Untuk menciptakan pemilih berdaulat, disinilah sesungguhnya diperlukan sinergi antara pemuda dan masyarakat petani. Singkatnya gerakan demokrasi yang berupa kedaulatan harus memiliki kesatuan ideologis maupun koordinasi yang ditanamkan di setiap level, setiap kasta, dan setiap kelas sosial.

Sejauh ini kebanyakan dari para actor demokrasi hanya berhubungan dengan bagian-bagian khusus penduduk. Para aktivis hanya bergulat di lokalitas lokalitas khusus, sedikit terlibat secara langsung dengan para petani.

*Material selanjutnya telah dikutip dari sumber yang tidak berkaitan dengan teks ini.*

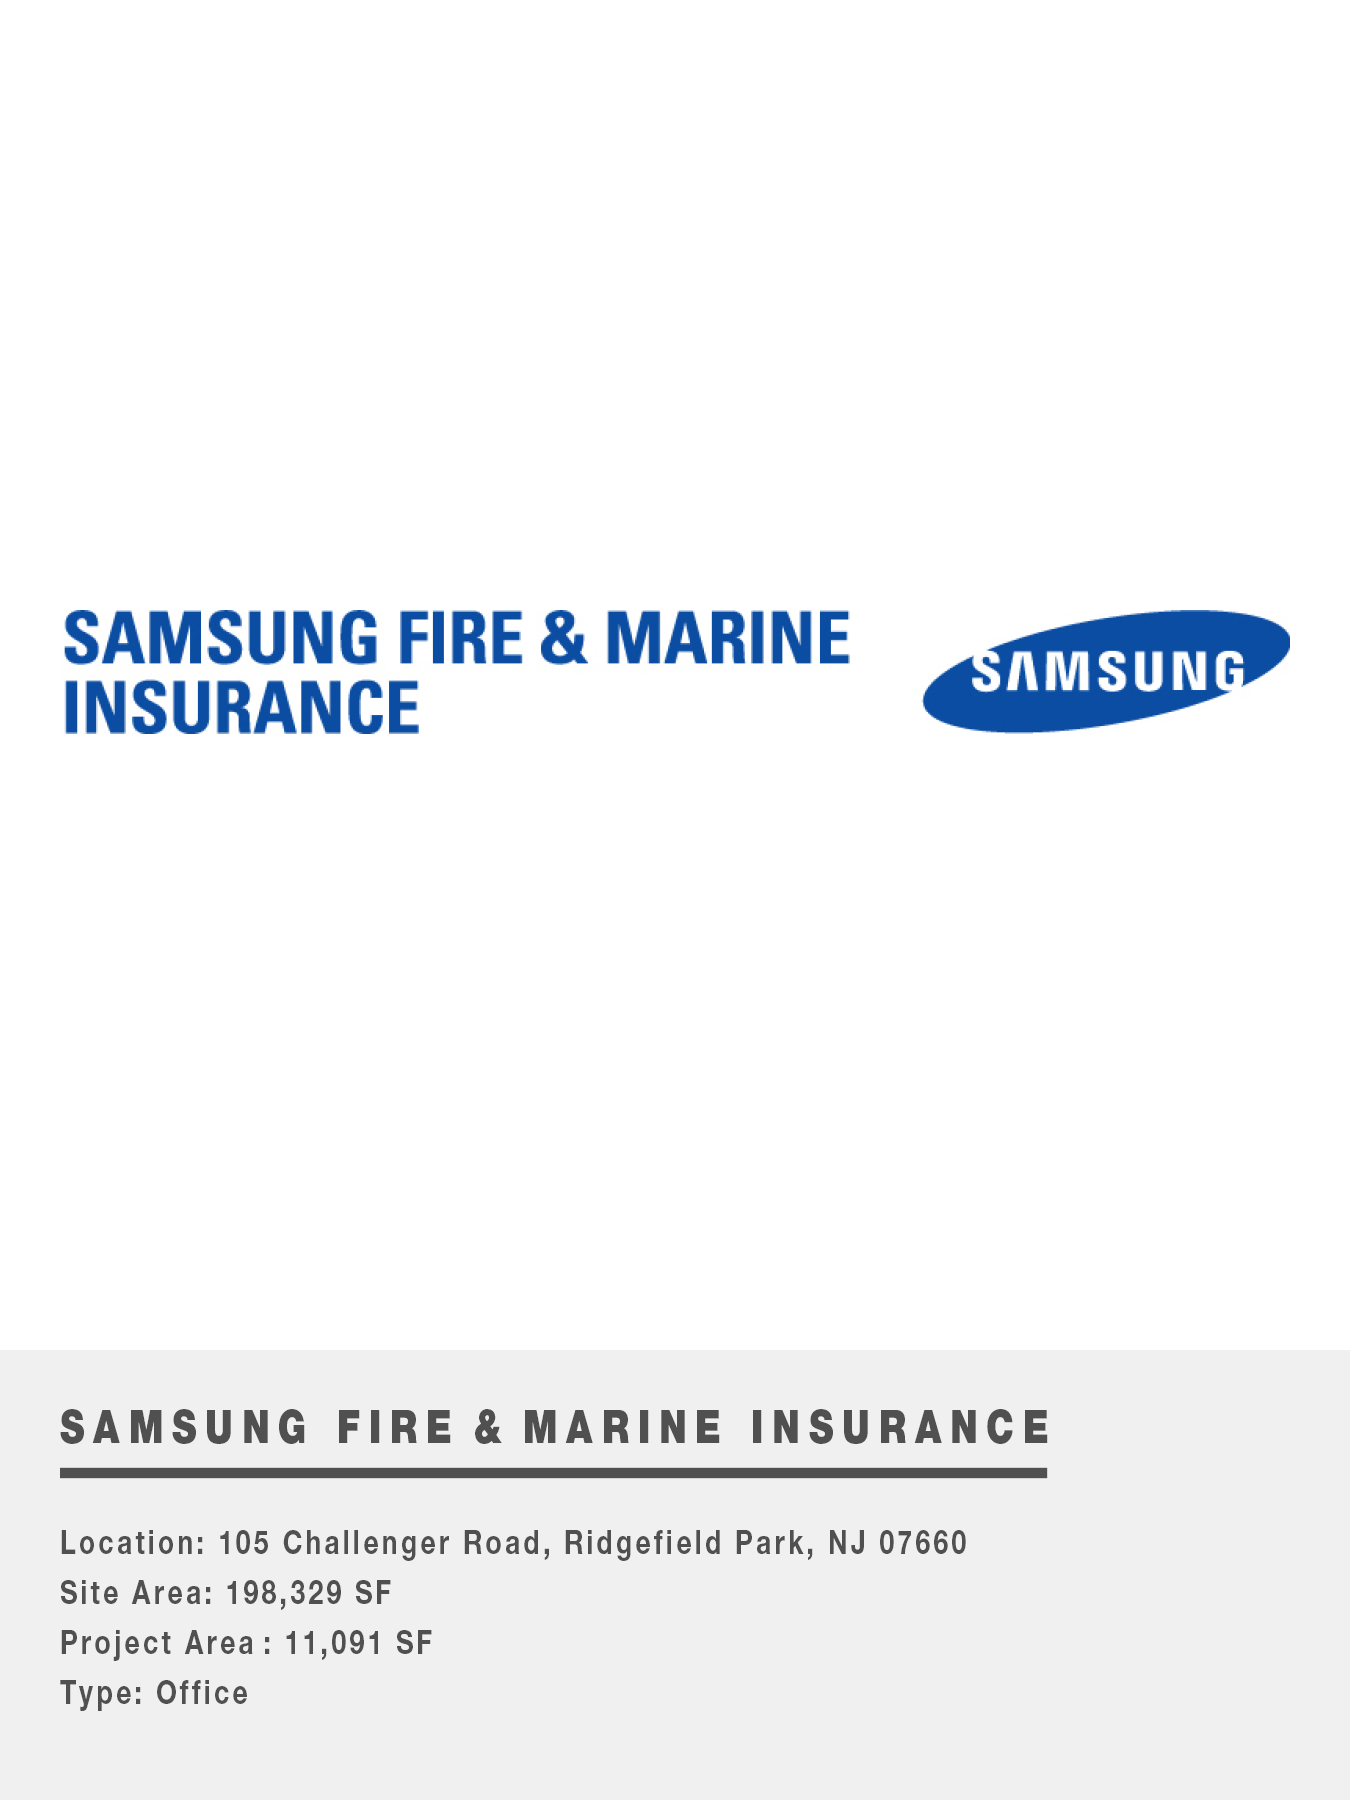 SAMSUNG FIRE & MARINE INSURANCE

Perestasi besarnya ialah mengumpulkan dan menyebarkan informasi, berkiprah dalam kegiatan kegiatan lobi dan sebagai kelompok penekan. Otoritas dan legitimasi mereka berkaitan erat dengan privilese pengetahuan mereka. Mereka tidak memiliki koneksi yang bagus dengan gerakan sosial dan kerakyatan yang lebih membumi seperti ‘kaum tani'. Jika ada suatu kegiatan, itupun terkadang hanya di laksanakan di saat momentum momentum khusus, musiman.

Jika mengacu pada data Badan Pusat Statistik tahun 2013, jumlah petani di Indonesia mencapai 14,1 juta rupiah. Angka ini cukup besar untuk memberikan perubahan dalam wajah demokrasi bangsa. Apalagi, masyarakat petani selalu dipandang sebelah mata karena masih keawaman-nya dalam urusan politik untuk meraih suara dalam pemilihan umum.

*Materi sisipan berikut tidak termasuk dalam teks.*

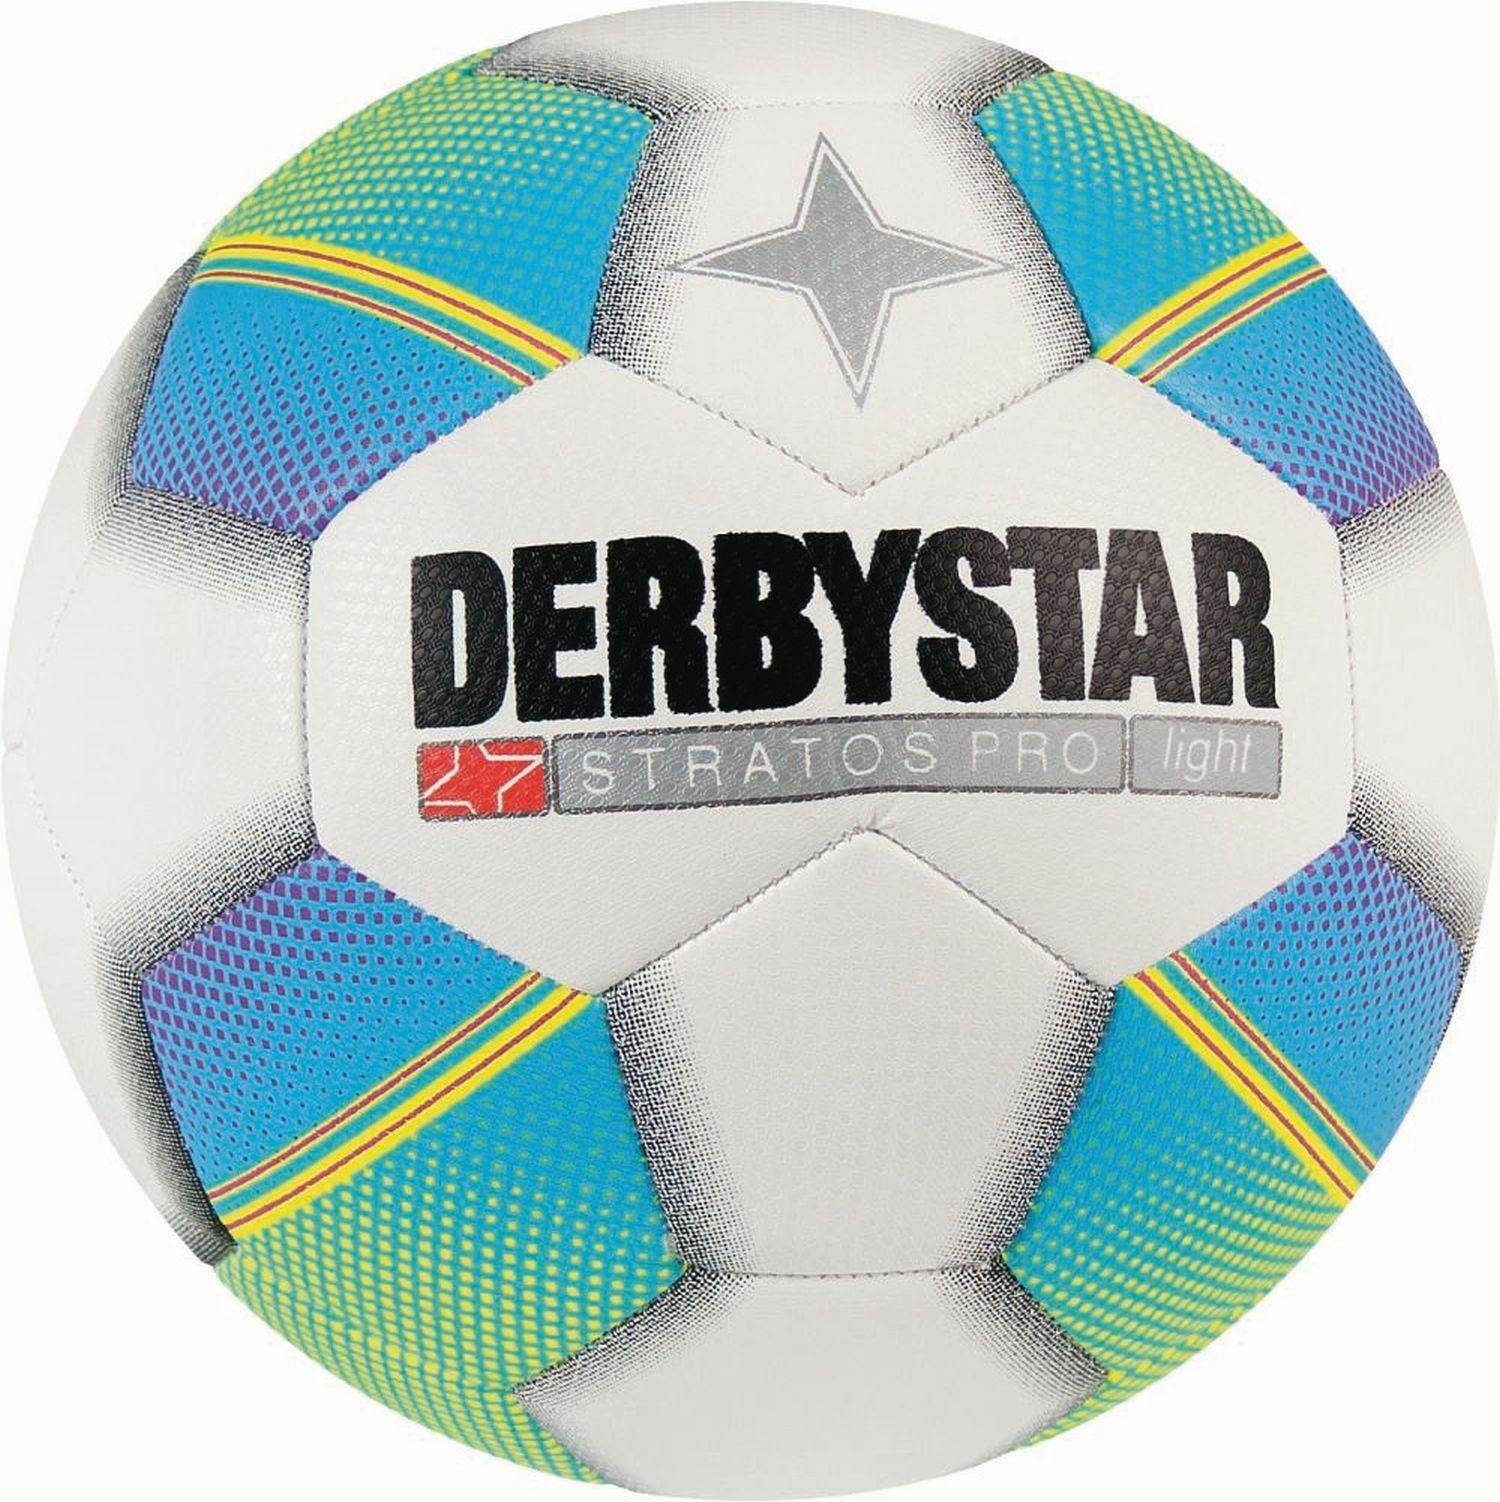 10x Derbystar Jugendfußball Stratos PRO Light  350g Größe 4 Neues Modell 2018

Pemilihan Umum merupakan mekanisme terpenting untuk memfasilitasi kompetisi politik secara damai dan tertib dalam rangka menghasilkan pemerintahan yang memiliki legitimasi. Hal ini karena pemilu merupakan instrument politik paling spesifik yang dapat dibentuk dan dimodifikasi untuk mencapai tujuan tersebut.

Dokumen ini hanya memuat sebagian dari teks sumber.